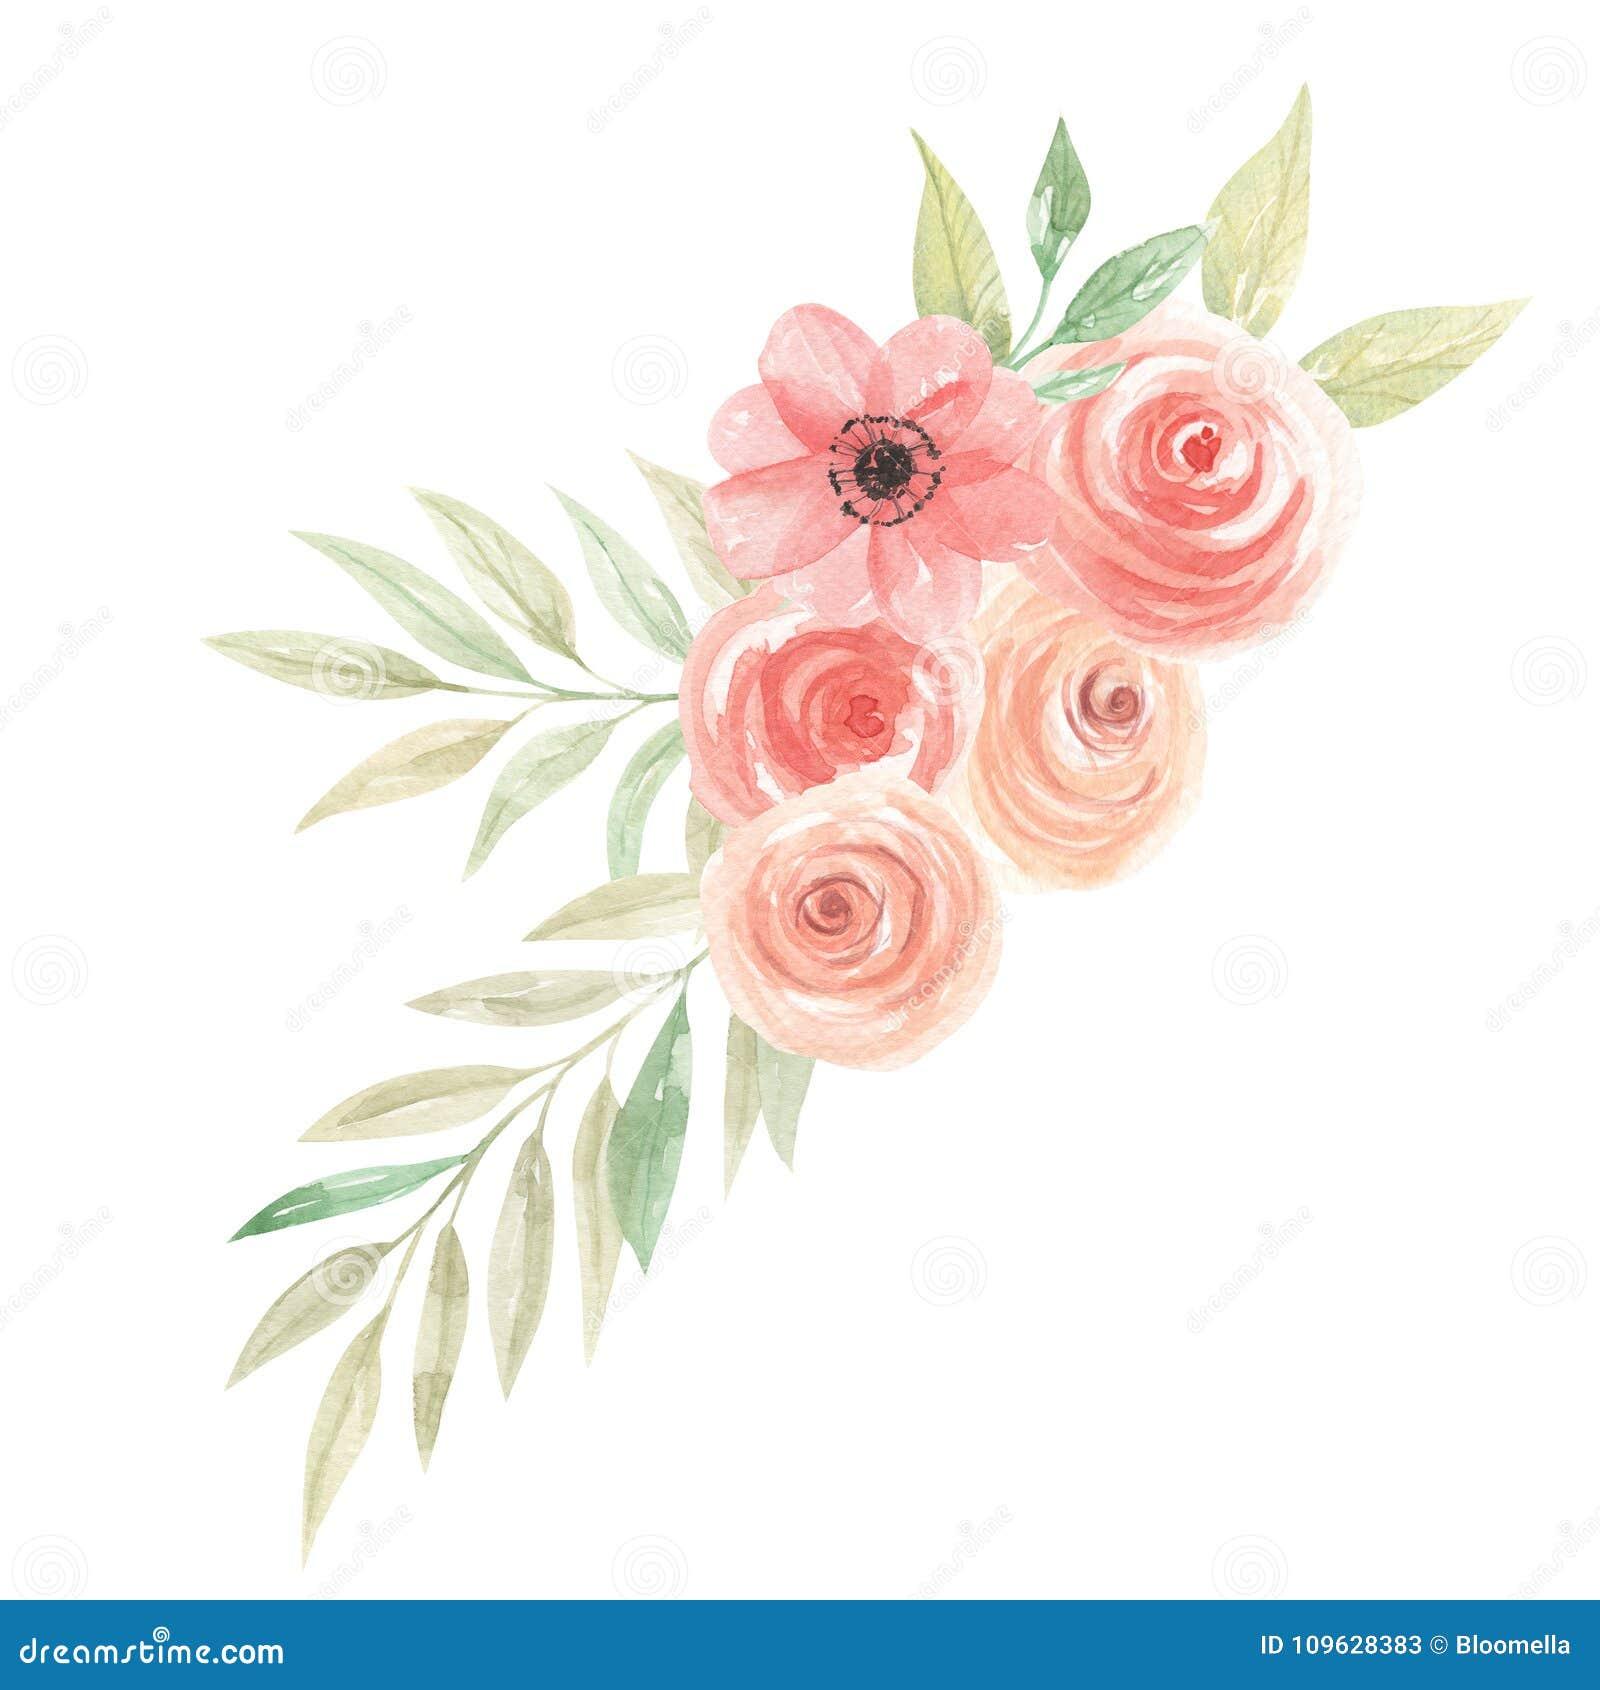 watercolor flowers peach bouquet floral coral painted
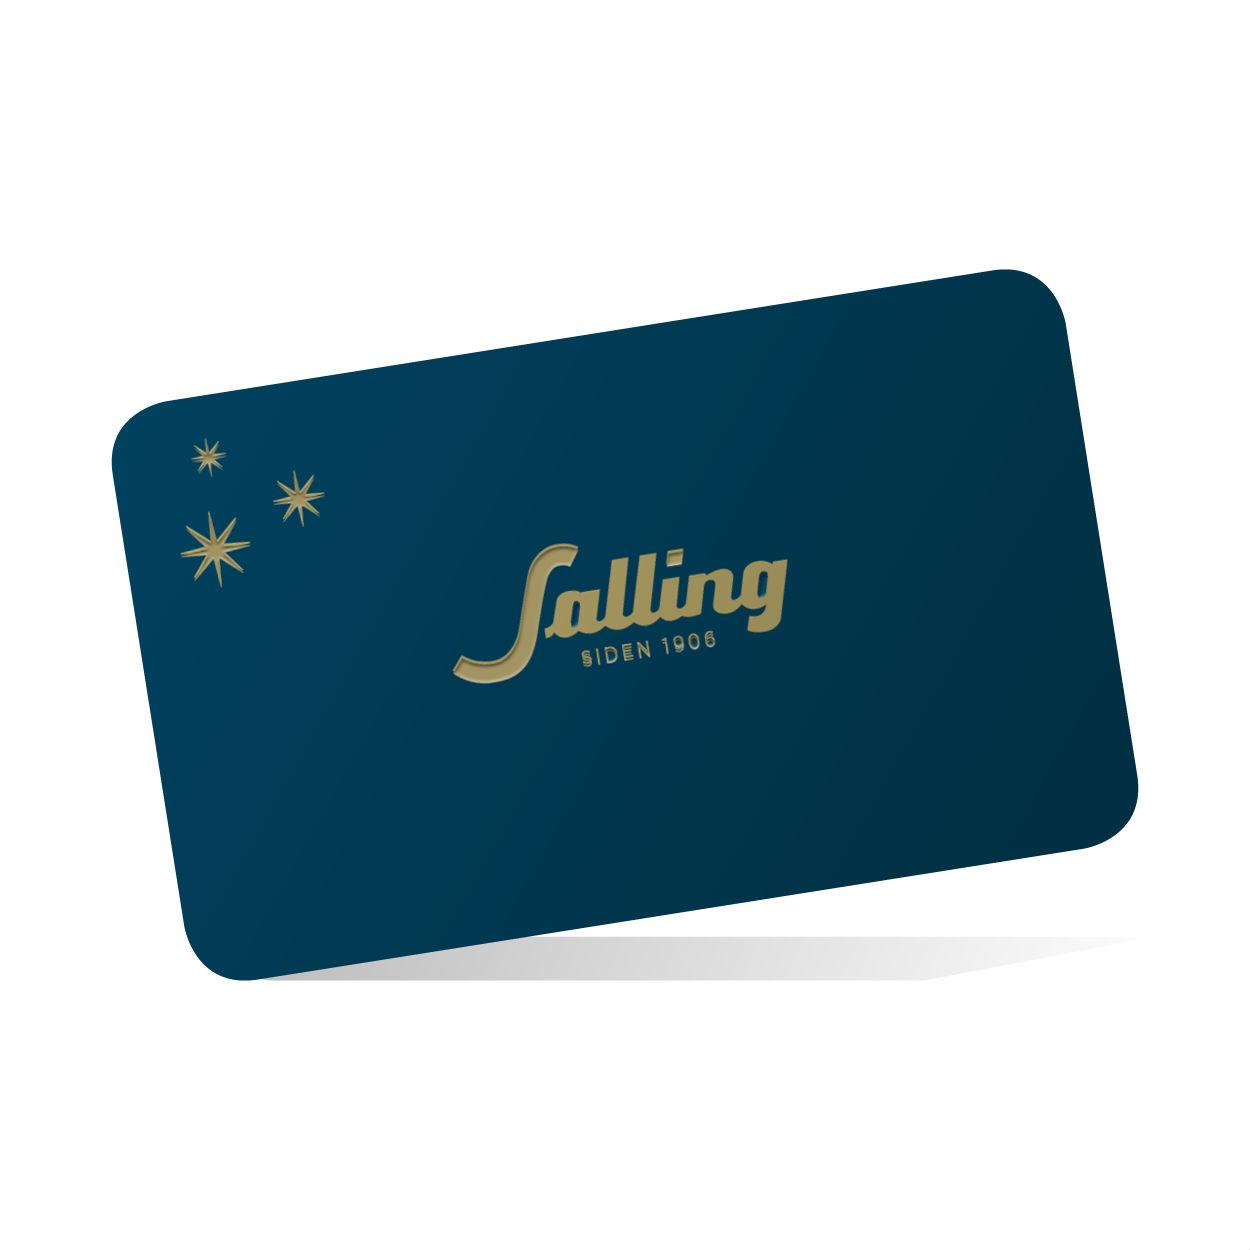 Salling gavekort - 750 kr
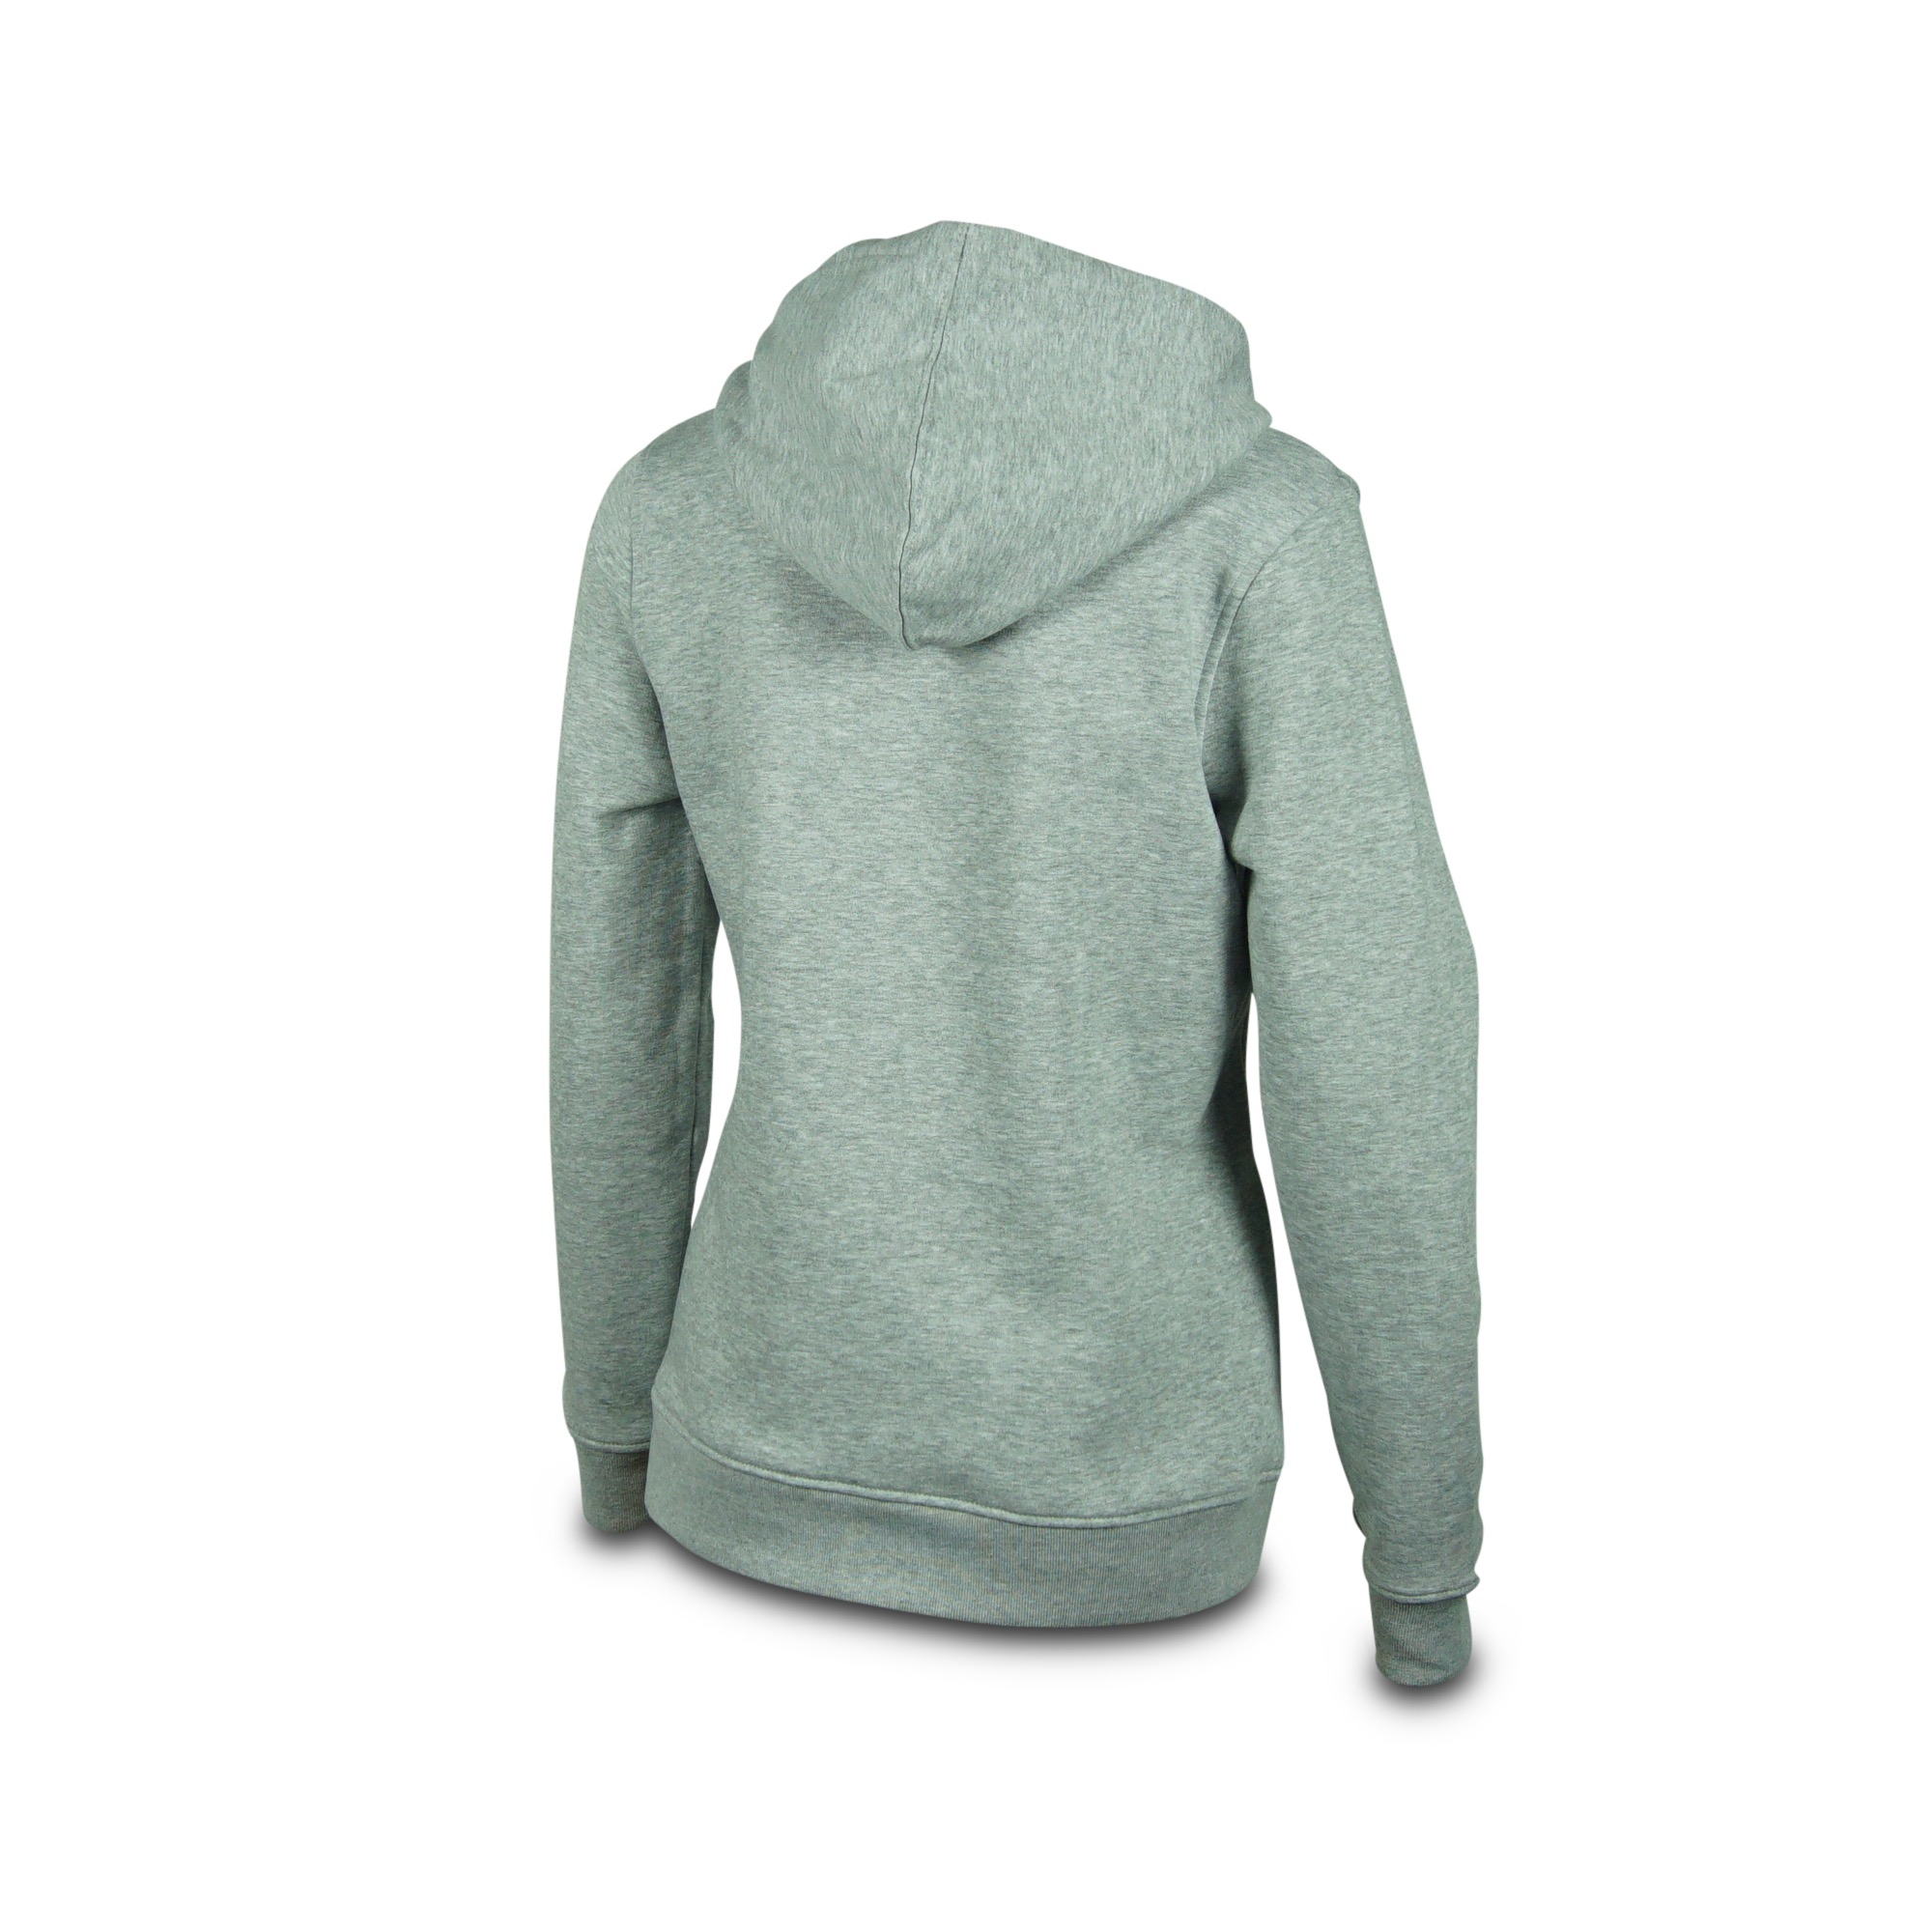 hoodie_damen_grau_hinten

**Your goal:**
Could you return the whole listing exactly, images excluded?

**Solution for this task:**
 watercolor flowers peach bouquet floral coral painted
 Salling gavekort - 750 kr
 hoodie_damen_grau_hinten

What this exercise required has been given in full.